Saturday, May 30, 2009

The anger remains the same

So even though I've moved on. Even though I've taken what I learned and made a list of my new ideal (it's a good list. I'll talk about it later), I'm still kind of pissed. I made the mistake tonight of having a martini, which eventually led me to look at his FB page. He's added a picture of him looking all happy. Dumbass. I shouldn't be upset. All of my pictures on FB are of me happy. And several are of me with other guys. Of course, he's going to put up a picture of him being happy, but it reminds me that he is having a life without me. Of course I'm having a life without him. I do wish I had the hotter pictures of me. Sadly, most of them are in my friends' hands. I just hope that he knows I have nothing but disdain for him and his actions, especially since we broke up.

I have taken stuff from that relationship to realize what I really want from a relationship. Some of it, he provided. I loved the way he cared for me, kissed my forehead, tried to incorporate my dreams into our supposed future. Despite my anger about how things wound up, I do recognize that he did provide a lot of what I needed.

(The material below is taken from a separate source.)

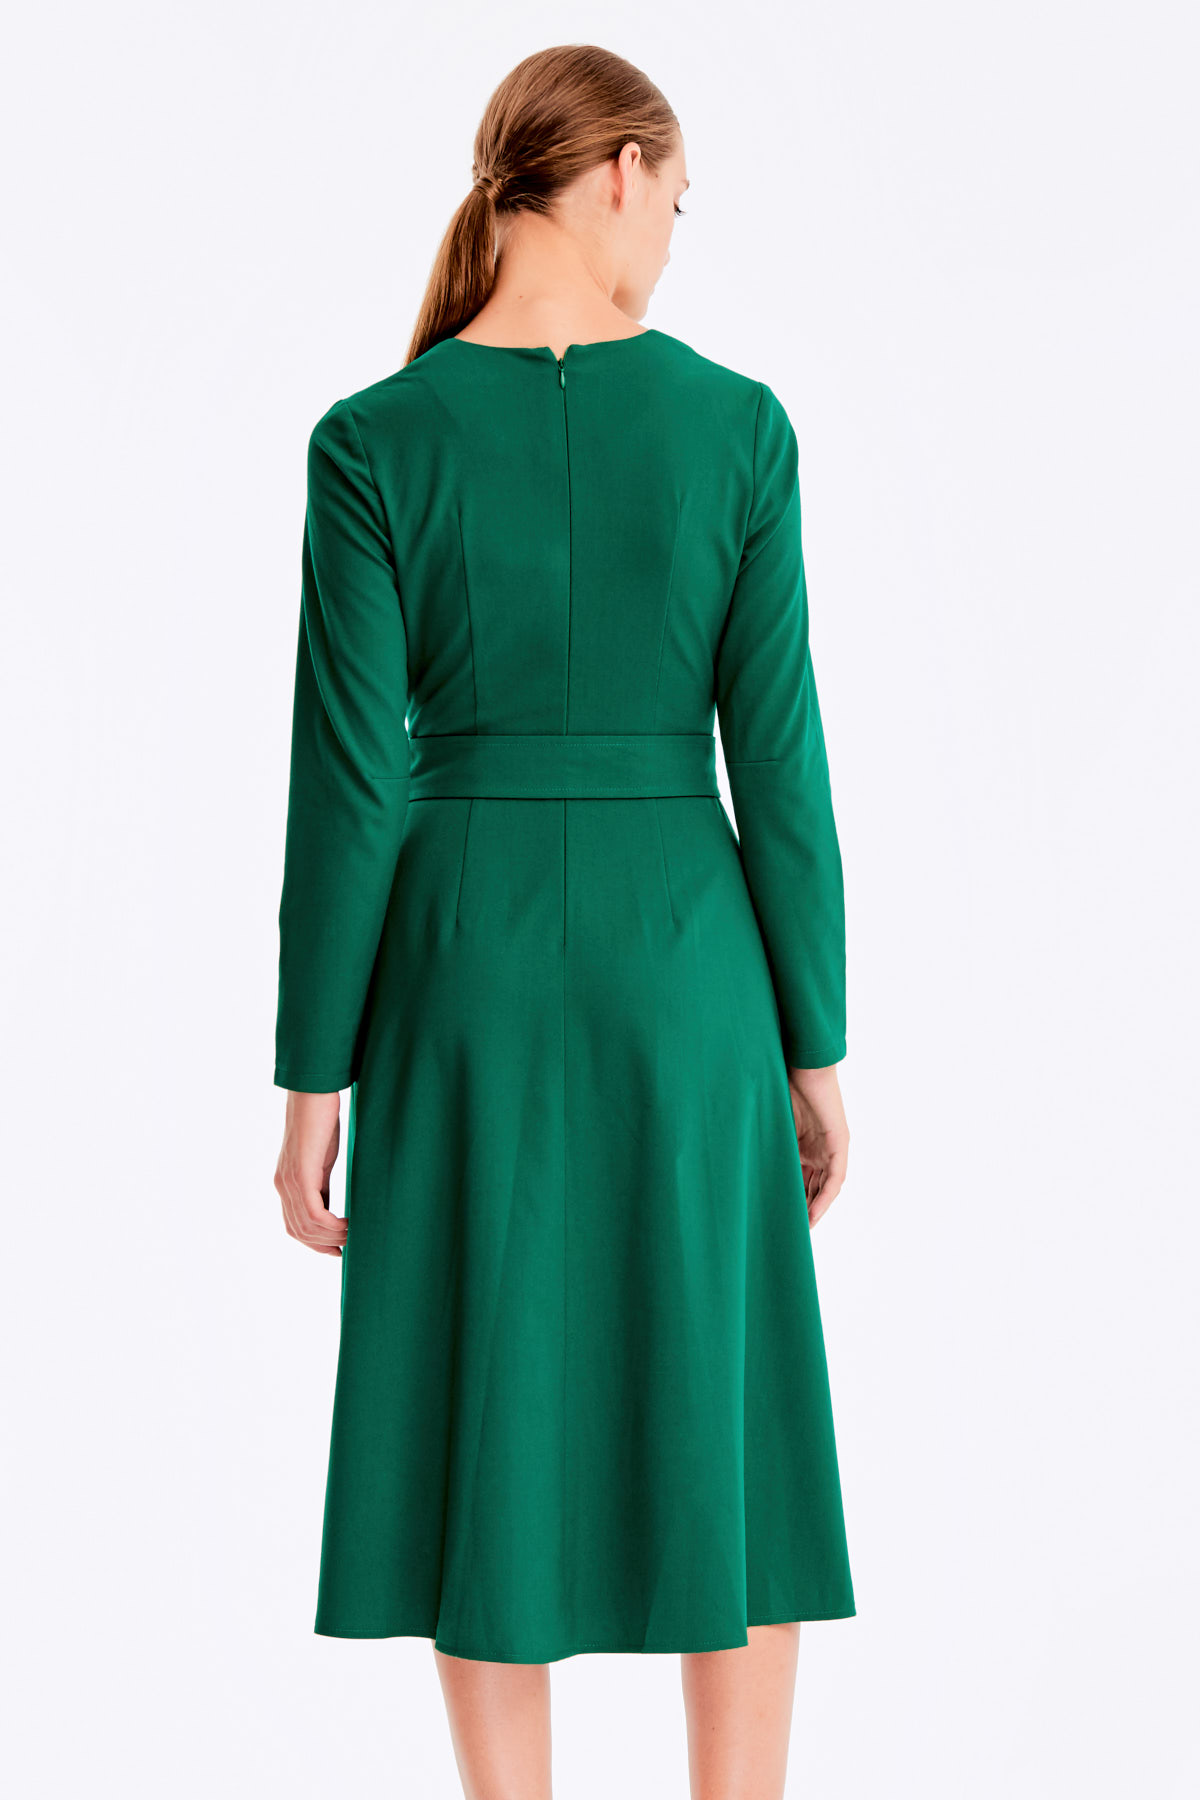 Midi V-neck green dress, photo 6

But he always claimed that he couldn't be as exciting as what I wanted. I think he may have been right. Not in the way he meant. But he never wanted to do anything. It was a major effort to get him to leave either of our apartments. And God forbid I wanted to go to a party or out with my friends. He never wanted to do any of that. Or even things that we could do as a couple. I had to think of them all, and he was never enthusiastic about anything that took any energy. I want someone who is willing to go on a hike, or go out, or go to my friends' parties. It's not like I want to ALWAYS do that. But sometimes. So here is my list:

1. can make me laugh.
2. can help me take myself less seriously.
3. is willing to be social.
4. is willing to plan things to do.
5. will actually follow through on plans.
6. will help me to be more active than I would be normally.

See? It's not such a horrible list, although there may be a few more. (I'd like someone taller than I am, and someone who has a relatively strong faith.)

Sunday, May 24, 2009

The End All Over Again

It has now been a little over a week since I officially earned my masters. I've been surprised by how exhausted I am. I mean, sleeping tons, having a hard time getting motivated to do anything... I do feel better about it all, though, since I talked to one of my friends last night and she said she went through that when she got her masters. Actually, she said it took her three months to start feeling totally normal. So a couple of exhausted weeks is probably not such a big deal.

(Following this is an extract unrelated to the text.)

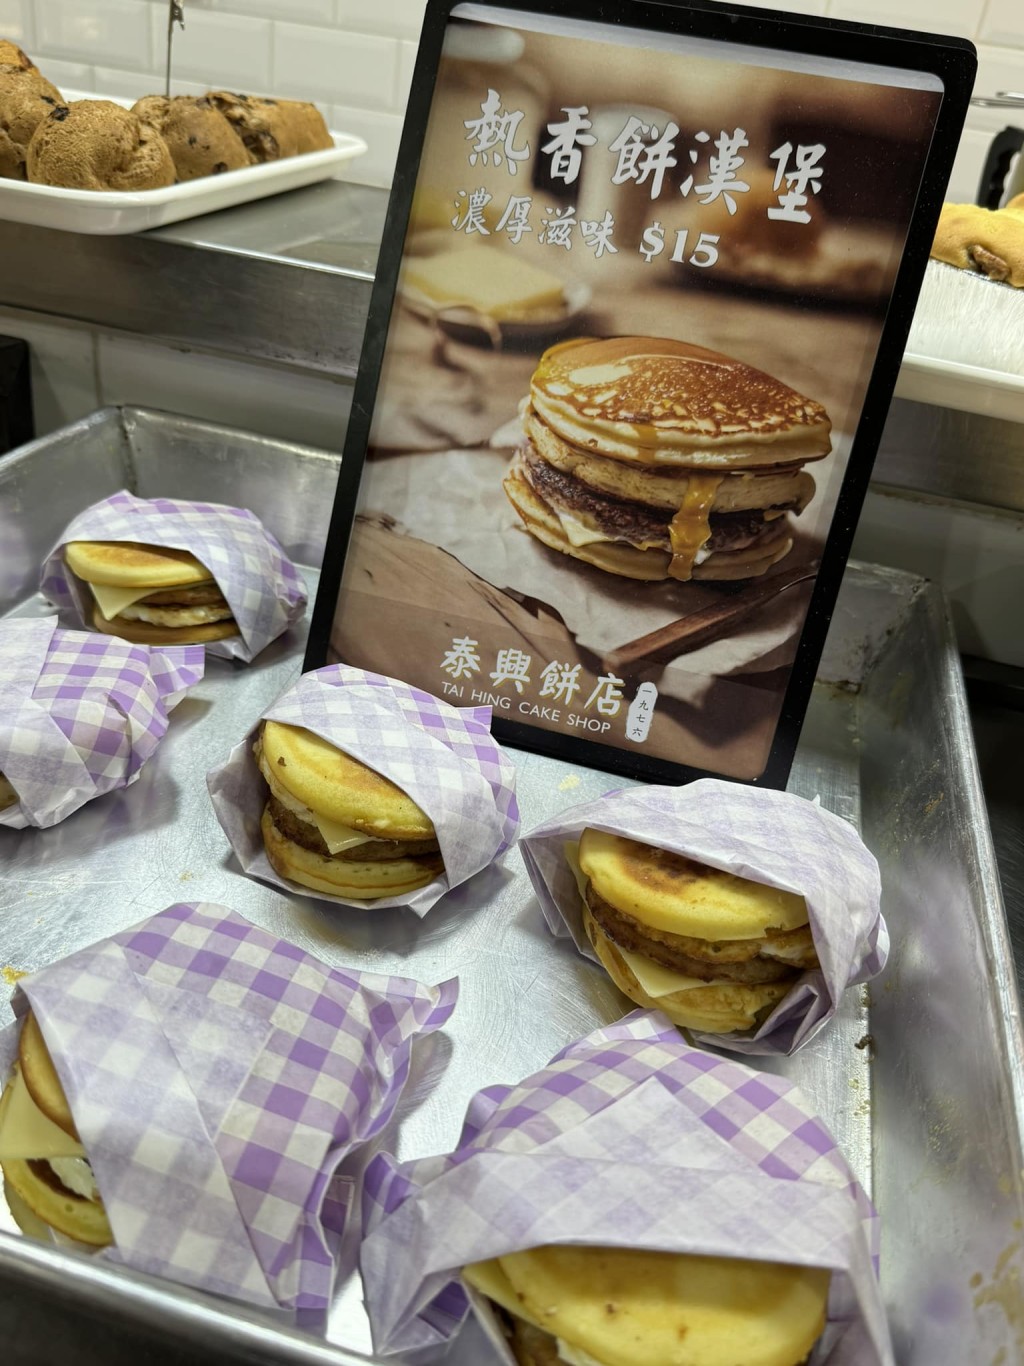 近日有網民發現有荃灣餅店「泰興餅店」推出「熱香餅漢堡。

The ceremony itself was... interesting. It was weird sitting in the room beforehand, knowing that a. I'll never be with all of those people in the same room again and b. I'll probably never see some of them again. Some of them I'm sad about, and some of them not so much. Which isn't to say that I disliked them, but that there are several that I'm kind of indifferent towards. But still strange. The ceremony itself... dear God, it was hot. Every time the sun came out, I about died. And of course, I didn't want to have to go to the bathroom in the middle of the ceremony, so I hadn't had much water and by the end was rather headachey.

It was lovely to have my immediate family here. There was some back and forth about the travel plans, which always throws my mom a little off and made her worried and naggy. I felt kind of bad, because by Saturday night I was a little snappy and snapped at my dad, when really it was my mom who had worn me down. "Are you sure we should do this, are you sure we shouldn't do this, what about this, why haven't you fixed this, you know you could do something about this..." I know that she likes to have everything planned out and that she doesn't know the area and therefore has to just have to trust me. I also realized over the course of the weekend that I react much better to requests phrased some ways over others.

Then my mom and dad and I went over to West Virginia. It was pretty much exactly what I needed. Slow, relaxed. I spent hours in the hot tub, reading and thinking and processing. I think it helped me to finally get to the point of acceptance with the whole break-up. I mean, I still think about it, but... I'm over it. I LOVED seeing all the stars. You can never really see the stars here. There... so many. It was gorgeous. We didn't have cell phone coverage, though, which kind of bothered me. with everything around my future all in the air, I don't like to be out of contact. Not that it made any difference. Though one of my friends is really pushing for her job to hire me. We'll see. It'd be great, though.